* Information supplied:
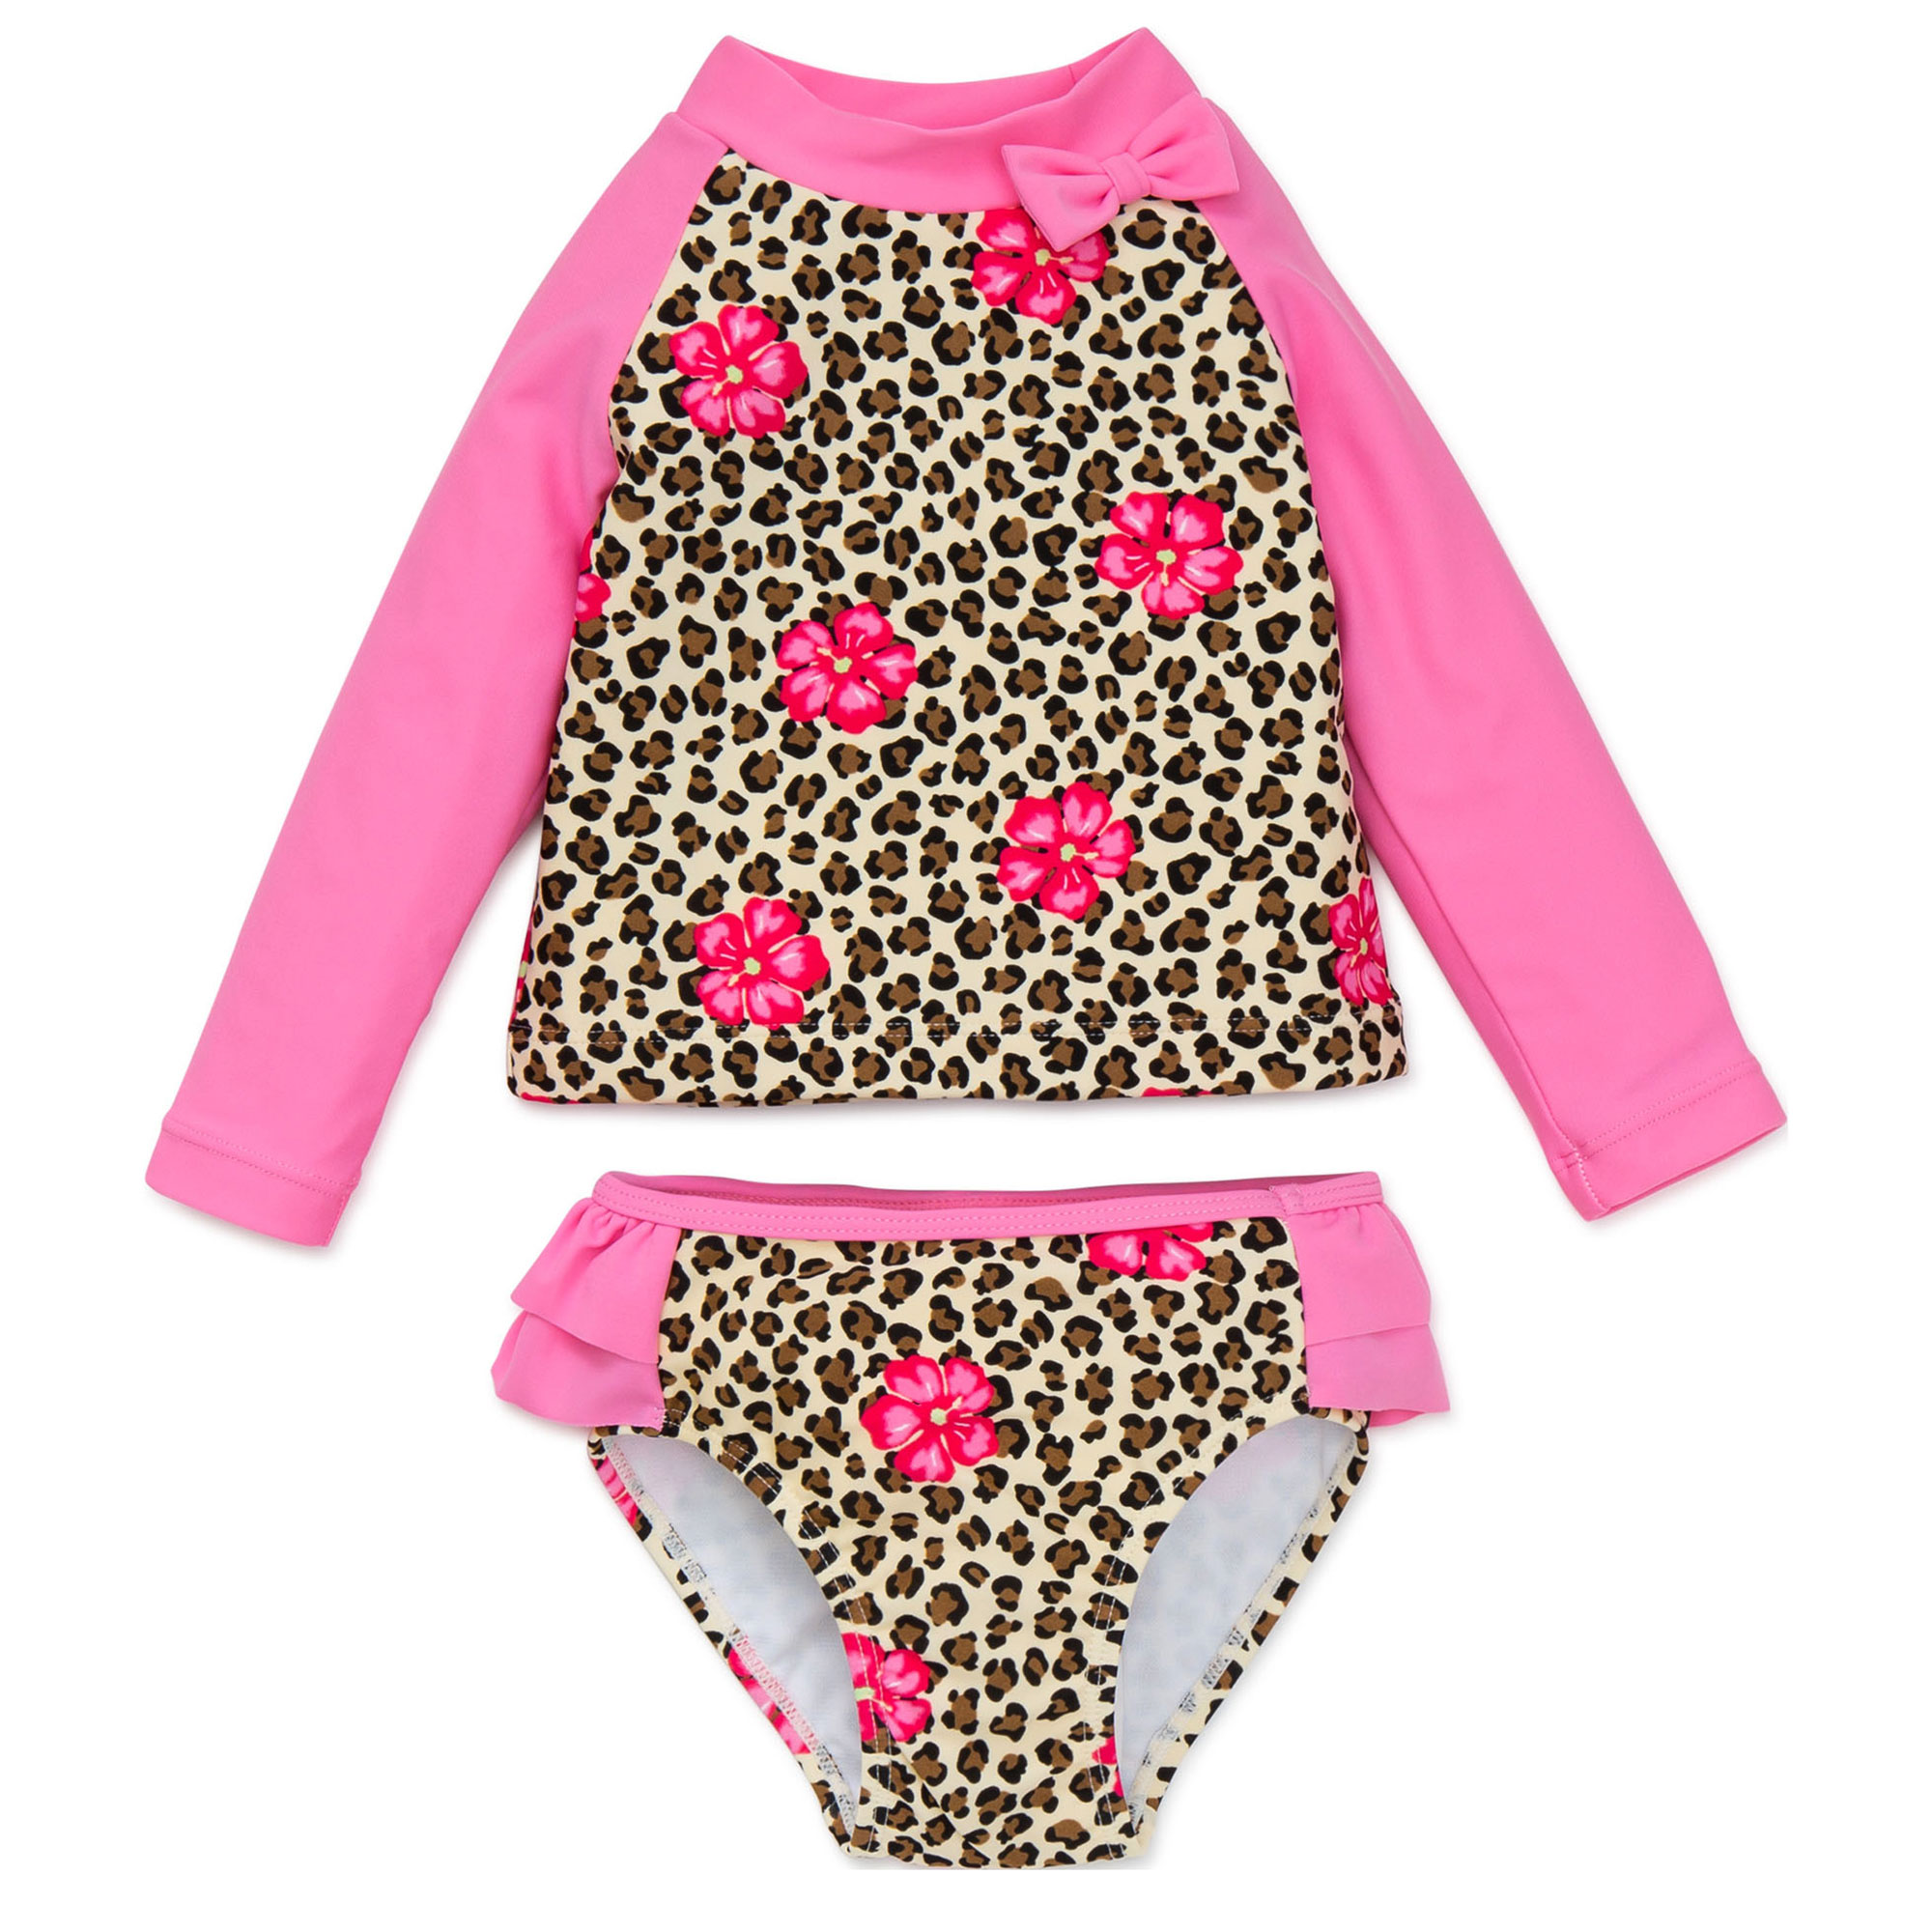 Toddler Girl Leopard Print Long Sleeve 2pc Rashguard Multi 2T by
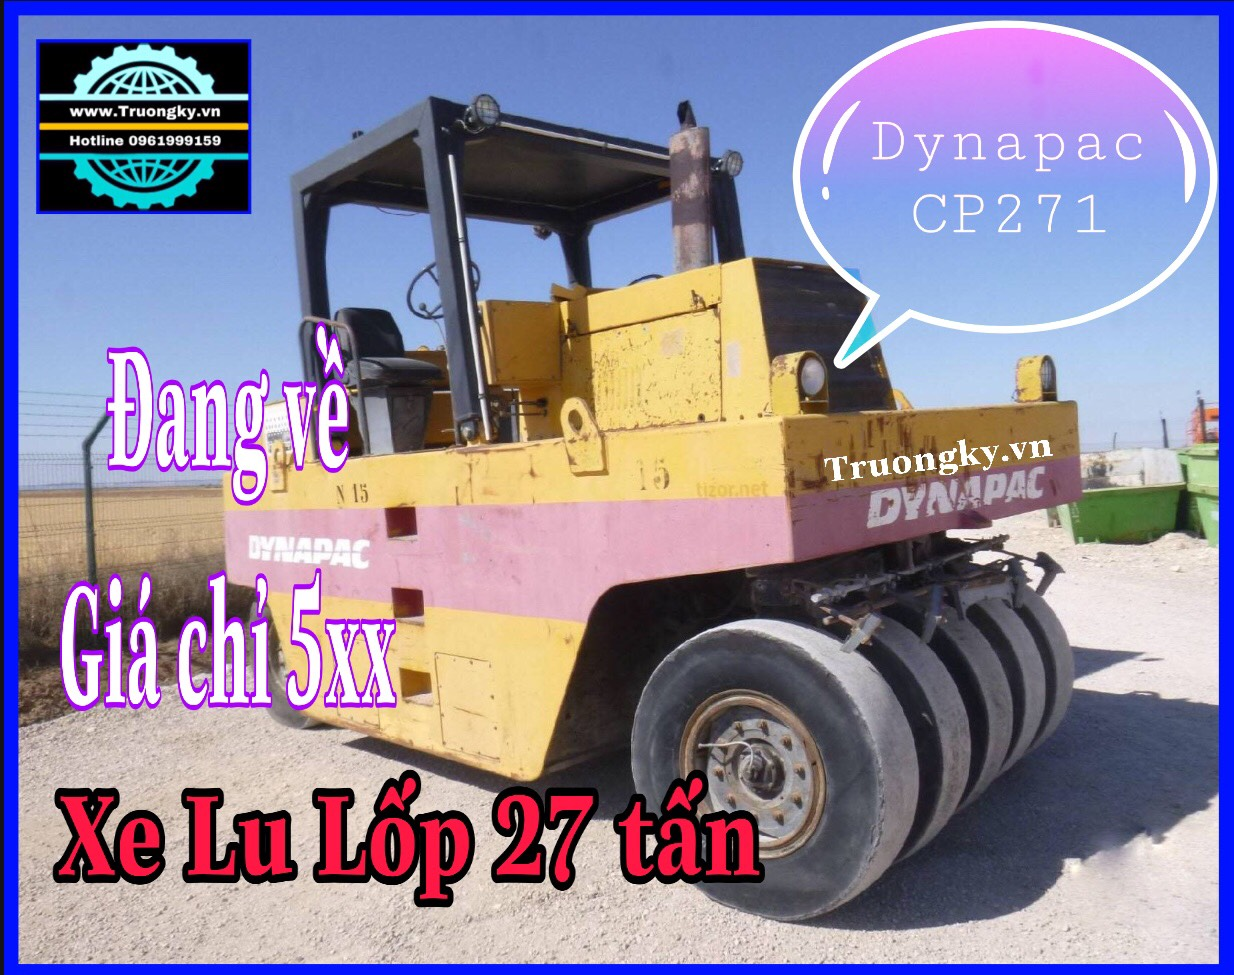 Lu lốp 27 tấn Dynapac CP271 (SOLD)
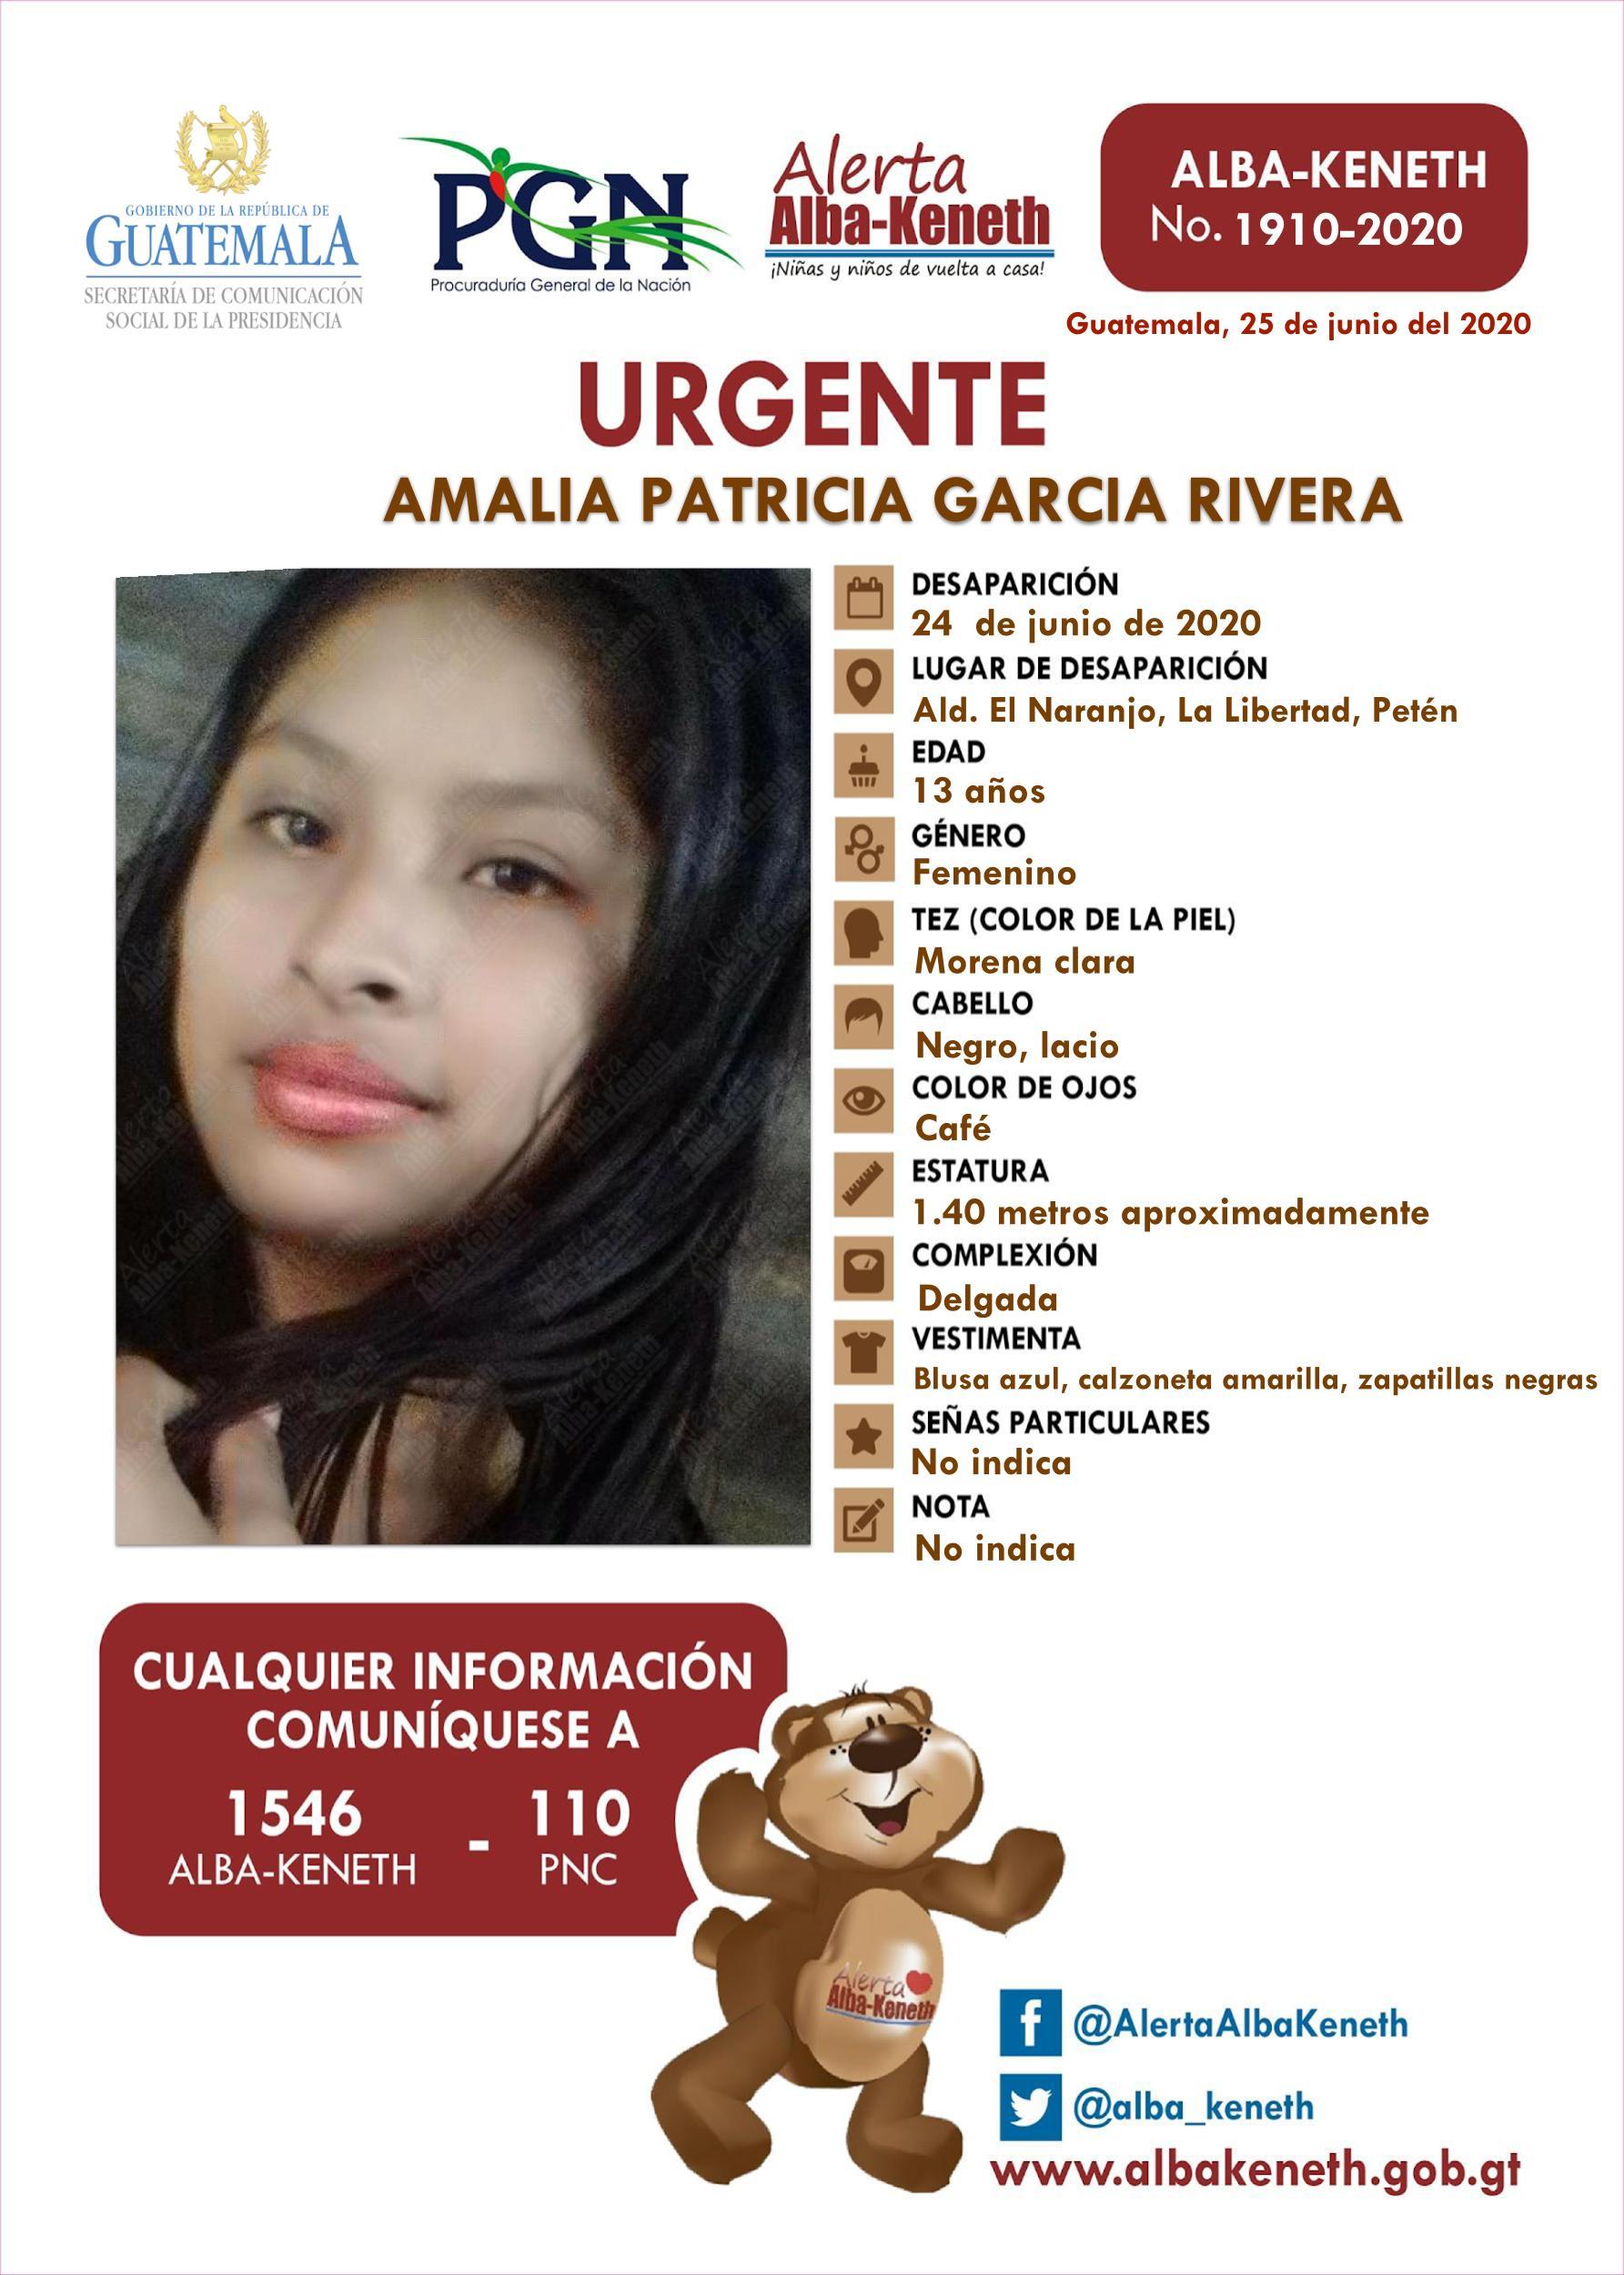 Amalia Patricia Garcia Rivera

* About this exercise: Reproduce exactly, and only, the lines that begin at the one containing "Lu lốp 27 tấn Dynapac CP271 (SOLD)" and end with the final line of the data, both included, while omitting every picture.

* Written answer:
 Lu lốp 27 tấn Dynapac CP271 (SOLD)
 Amalia Patricia Garcia Rivera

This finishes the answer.